--- Problem ---
Find the line that holds "Wiley X WX Valor", then repeat it and each line below it word for word through the end of the listing, leaving out pictures.

--- Provided material ---

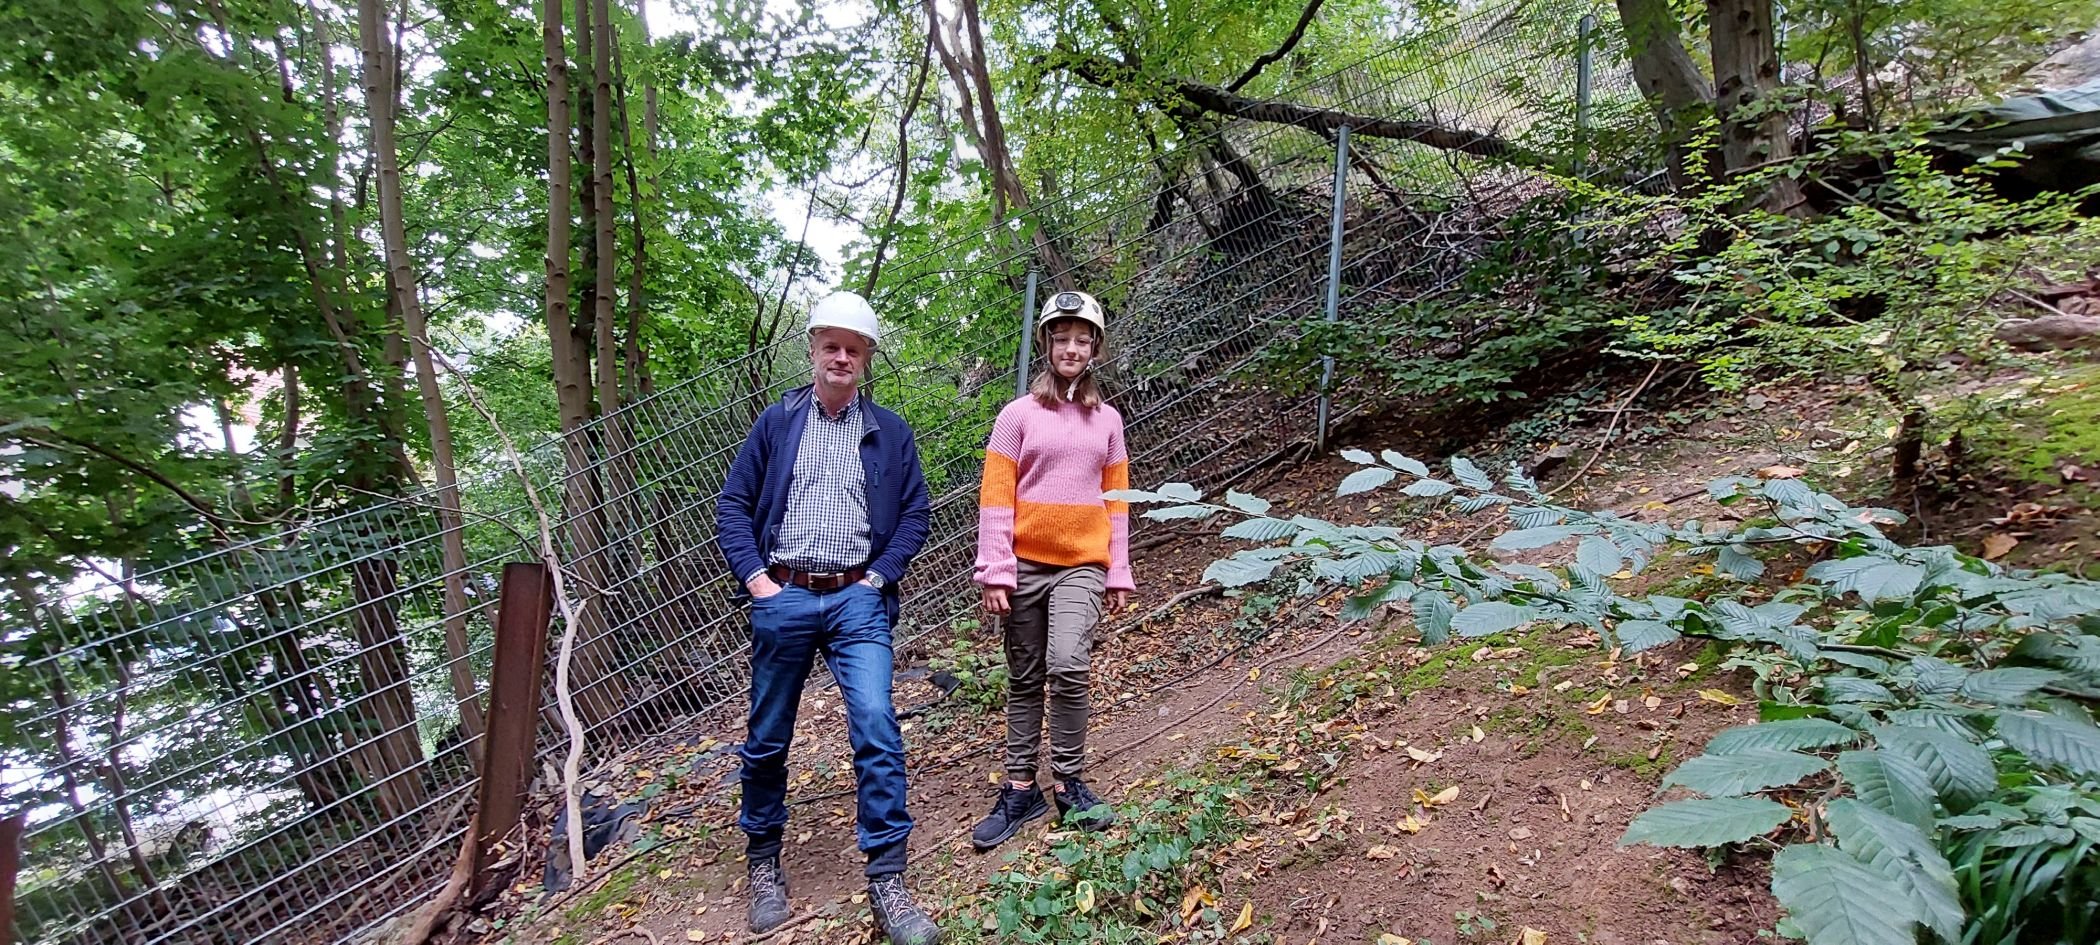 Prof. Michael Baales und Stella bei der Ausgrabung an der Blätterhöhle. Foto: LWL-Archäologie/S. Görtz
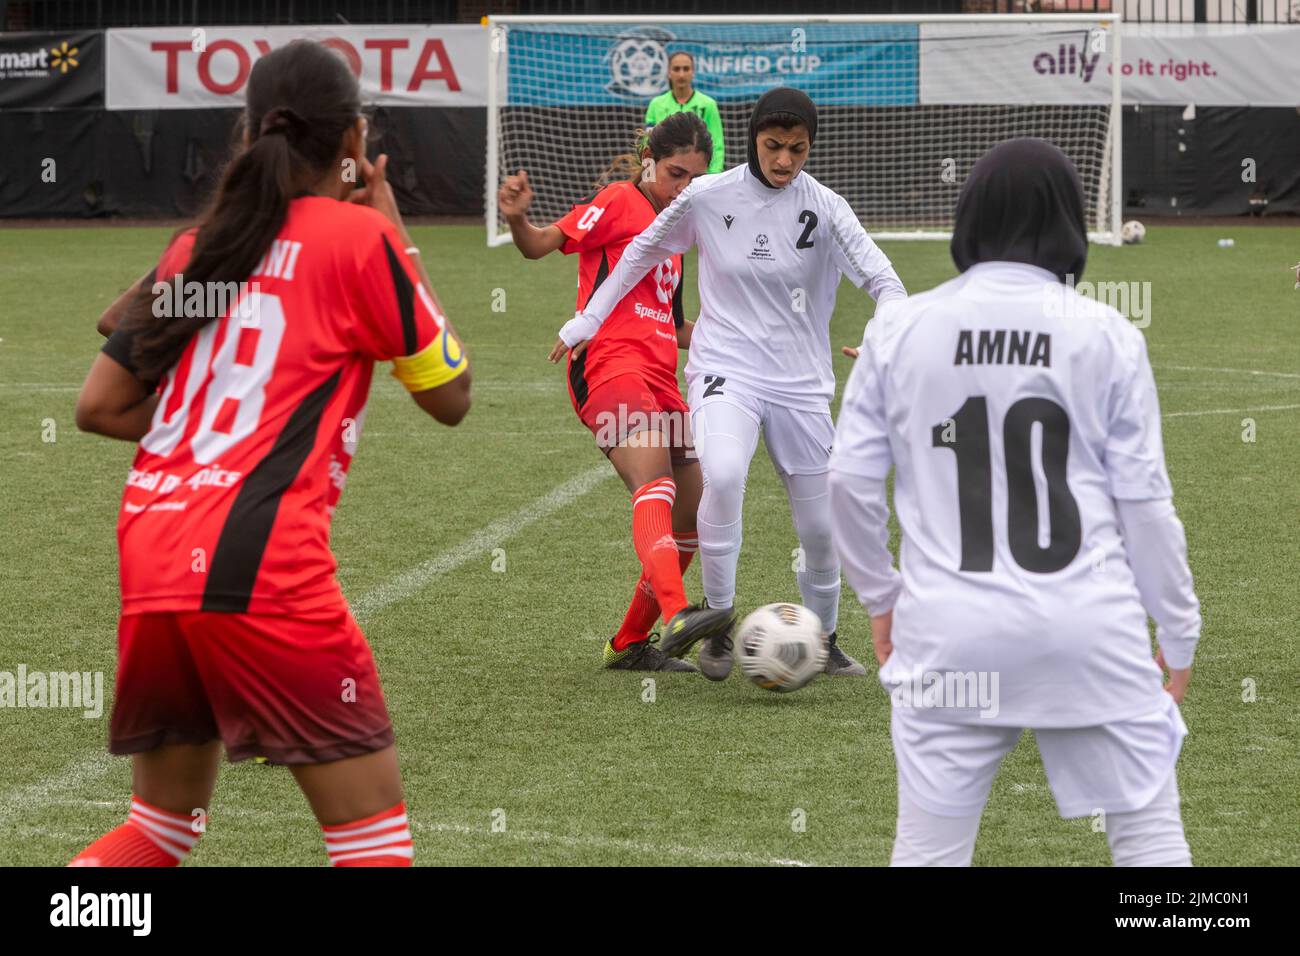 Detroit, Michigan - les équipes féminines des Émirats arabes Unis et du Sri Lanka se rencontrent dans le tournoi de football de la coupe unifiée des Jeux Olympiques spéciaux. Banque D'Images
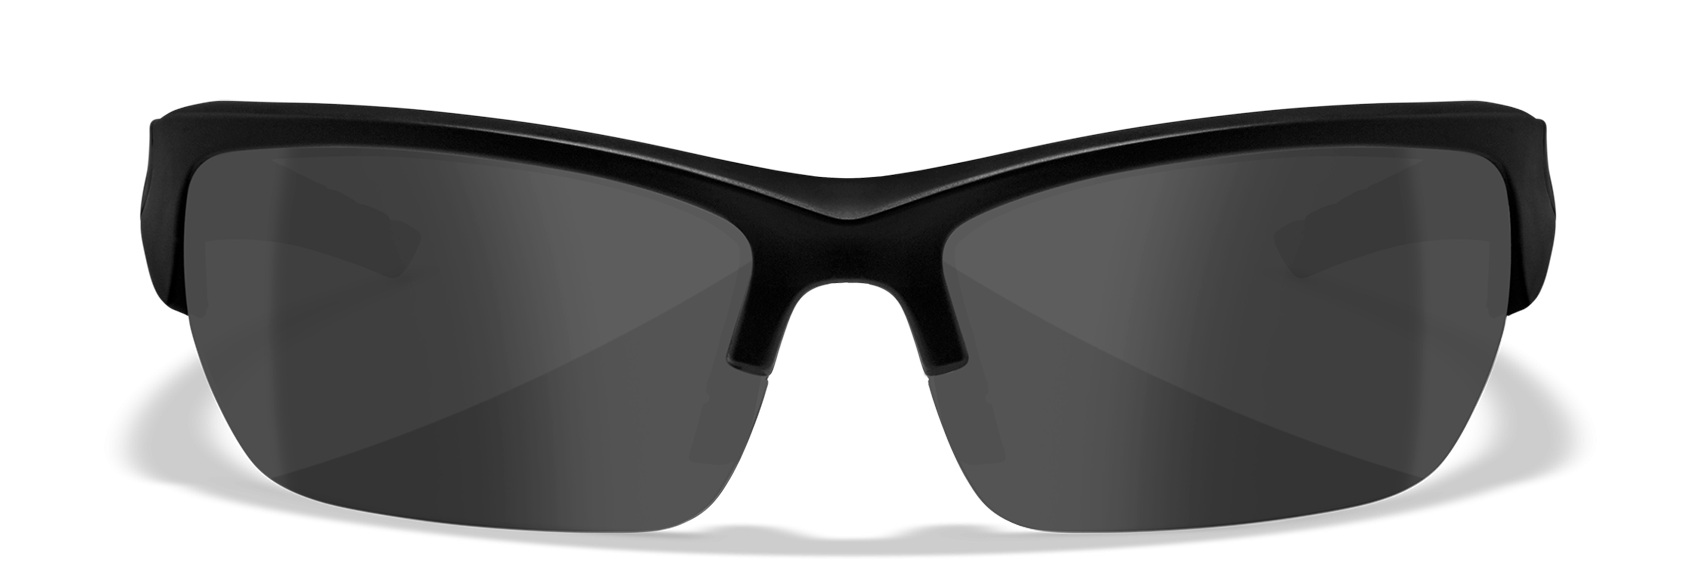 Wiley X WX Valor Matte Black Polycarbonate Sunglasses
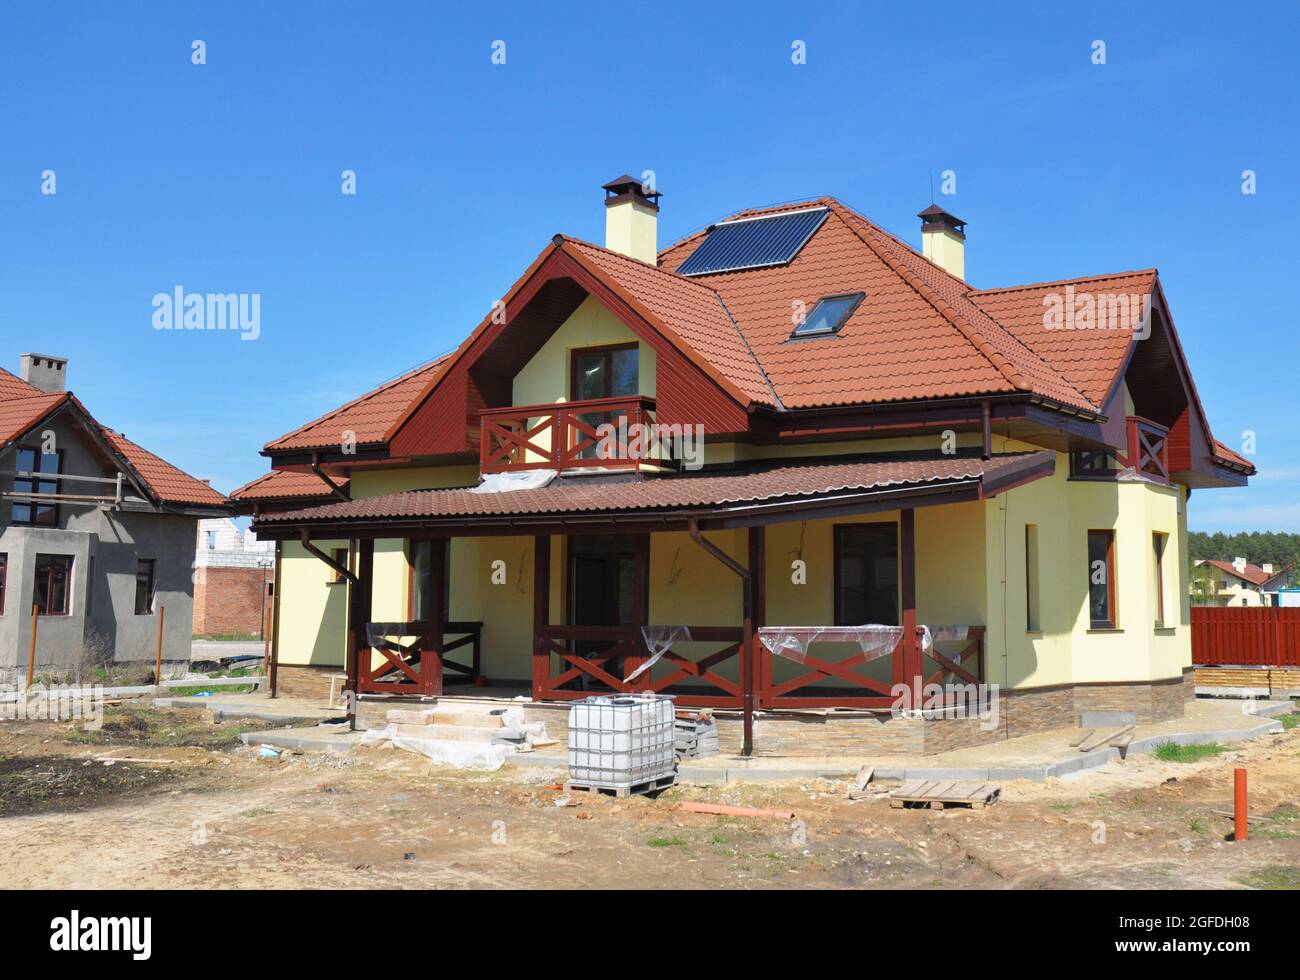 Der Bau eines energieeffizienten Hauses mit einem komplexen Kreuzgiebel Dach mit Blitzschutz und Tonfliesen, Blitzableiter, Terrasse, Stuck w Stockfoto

--- Result of this exercise ---
 Wiley X WX Valor Matte Black Polycarbonate Sunglasses
 Der Bau eines energieeffizienten Hauses mit einem komplexen Kreuzgiebel Dach mit Blitzschutz und Tonfliesen, Blitzableiter, Terrasse, Stuck w Stockfoto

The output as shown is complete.